--- Activity ---
Word for word, copy all the data and drop the pictures.

--- Source data ---
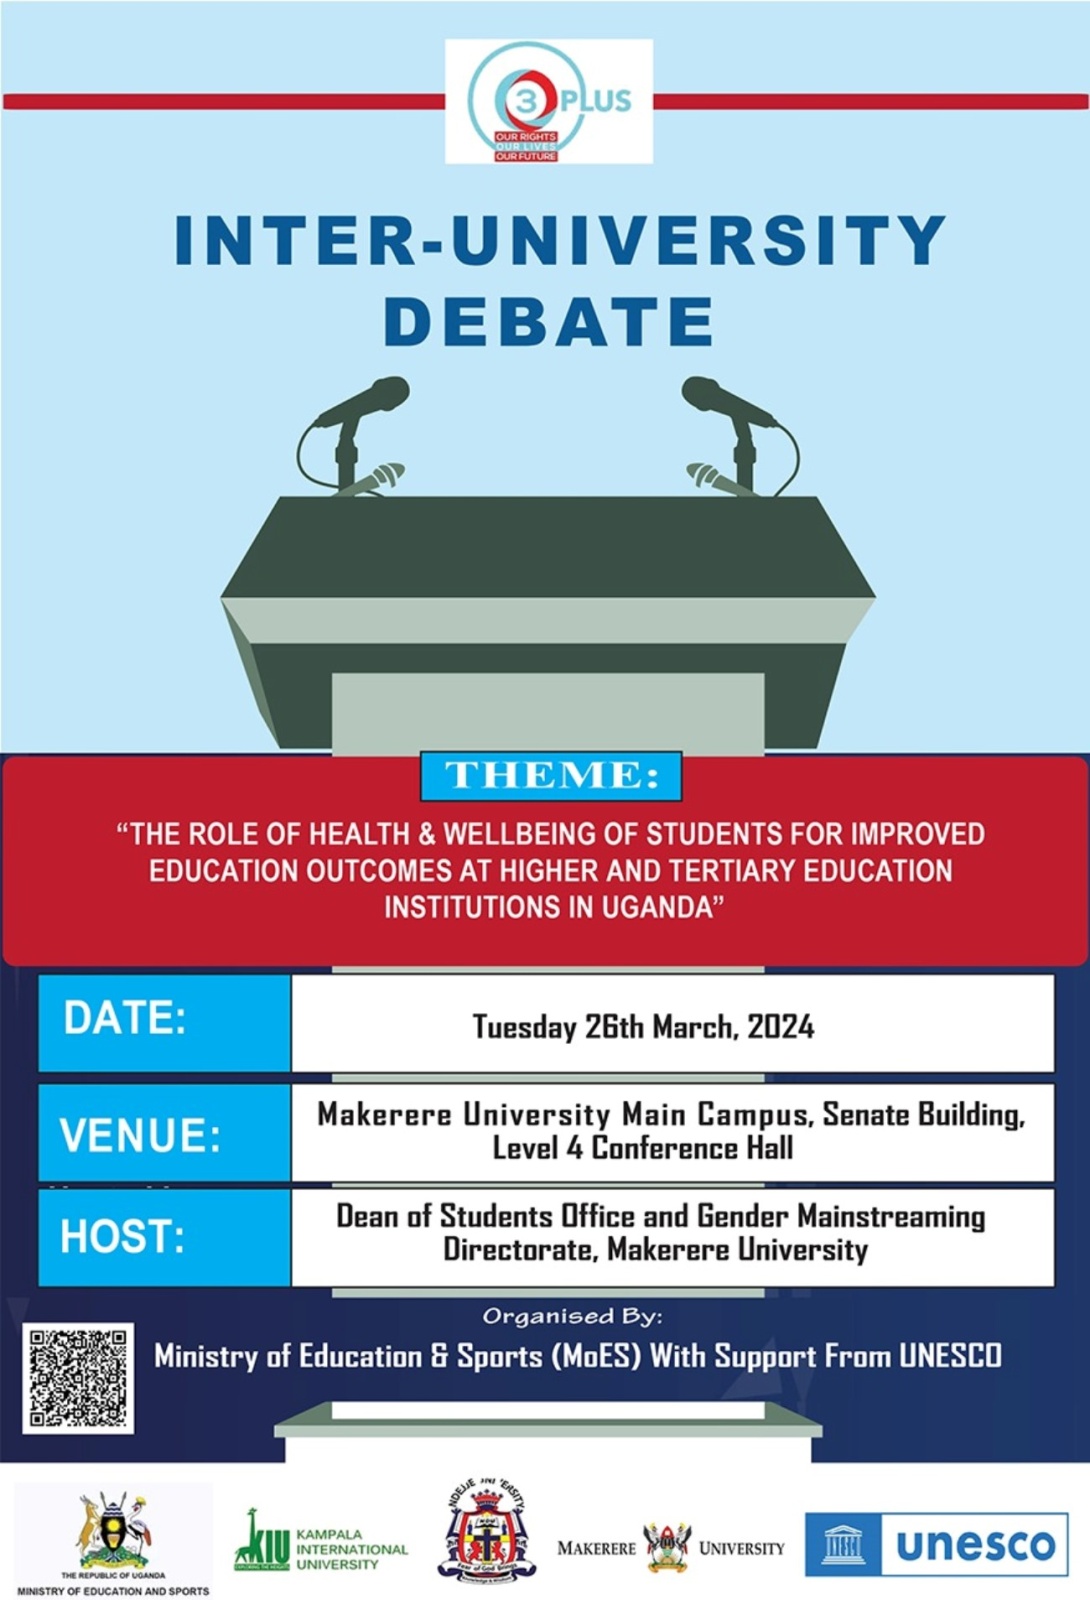 Ministry of Education and Sports (MoES) in partnership with Office of the Dean of Students and Gender Mainstreaming Directorate (GMD) Inter University Debate: "The Role of Health and Wellbeing of Students for Improved Education Outcomes at Higher and Tertiary Education Institutions (HTEIs) in Uganda", 26th March 2024 from 9:00 AM to 1:00 PM EAT, Conference Hall, Level 4, Senate Building, Makerere University, Kampala Uganda, East Africa and Online.
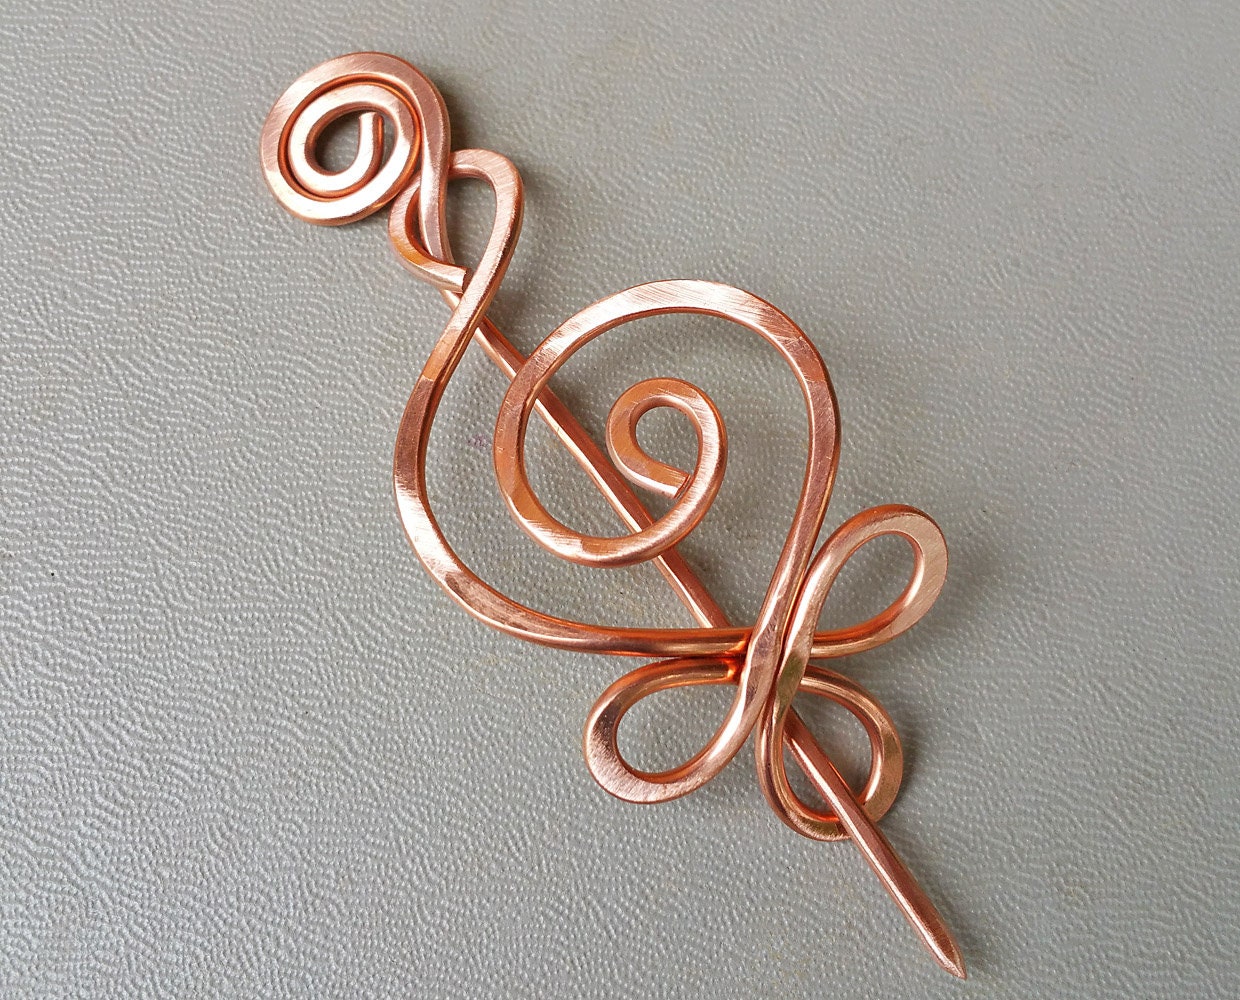 Handmade spiral copper cardigan clasp or sweater clasp for knit and fabric  - Sweater clip - Metal clasp - CL005
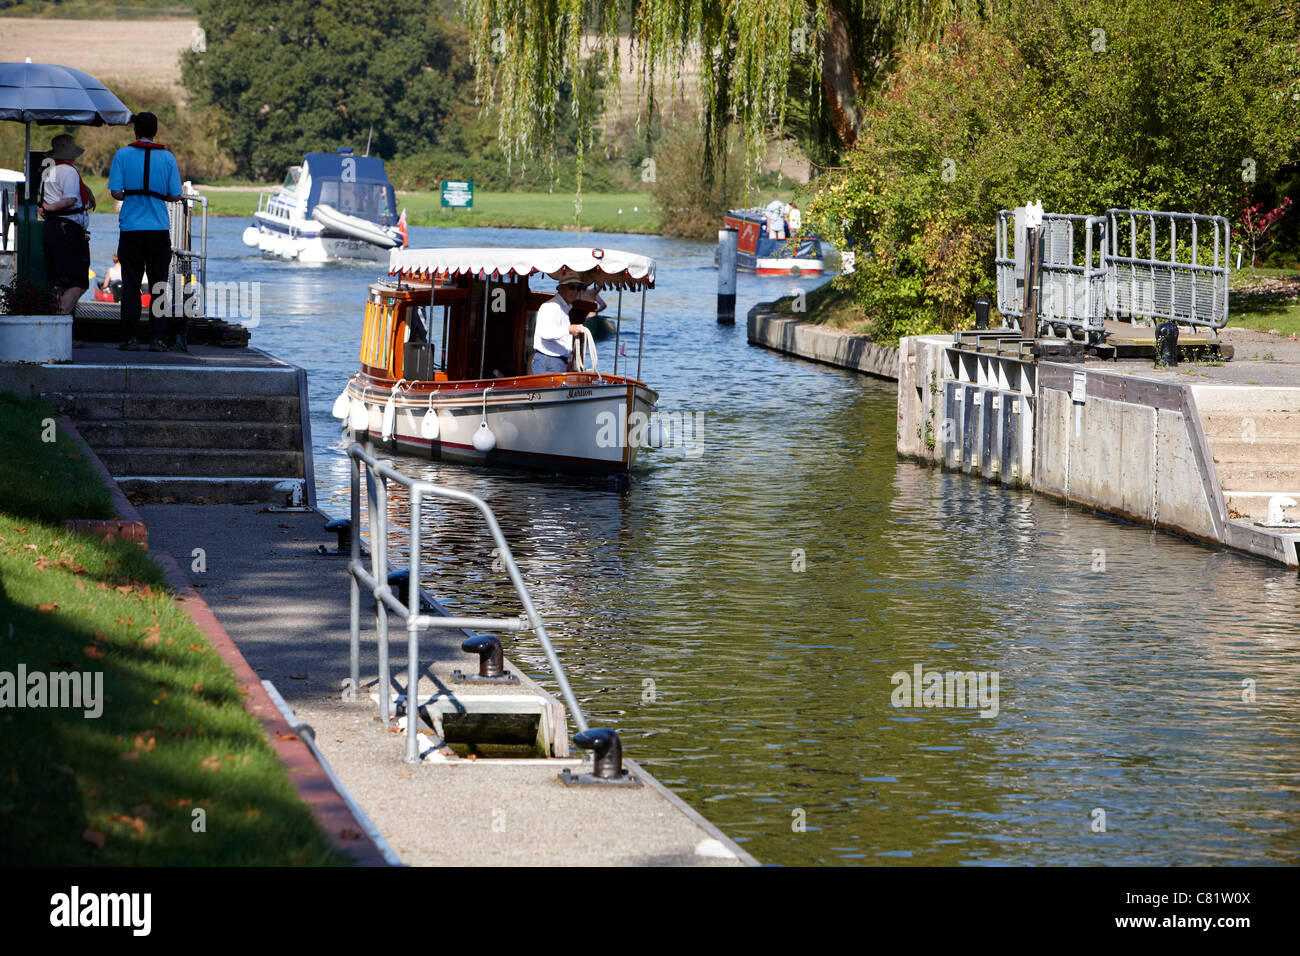 A Thames Cruiser entering the lock at Maple Durham, Berkshire. Stock Photo

--- Response to the exercise ---
 Ministry of Education and Sports (MoES) in partnership with Office of the Dean of Students and Gender Mainstreaming Directorate (GMD) Inter University Debate: "The Role of Health and Wellbeing of Students for Improved Education Outcomes at Higher and Tertiary Education Institutions (HTEIs) in Uganda", 26th March 2024 from 9:00 AM to 1:00 PM EAT, Conference Hall, Level 4, Senate Building, Makerere University, Kampala Uganda, East Africa and Online.
 Handmade spiral copper cardigan clasp or sweater clasp for knit and fabric  - Sweater clip - Metal clasp - CL005
 A Thames Cruiser entering the lock at Maple Durham, Berkshire. Stock Photo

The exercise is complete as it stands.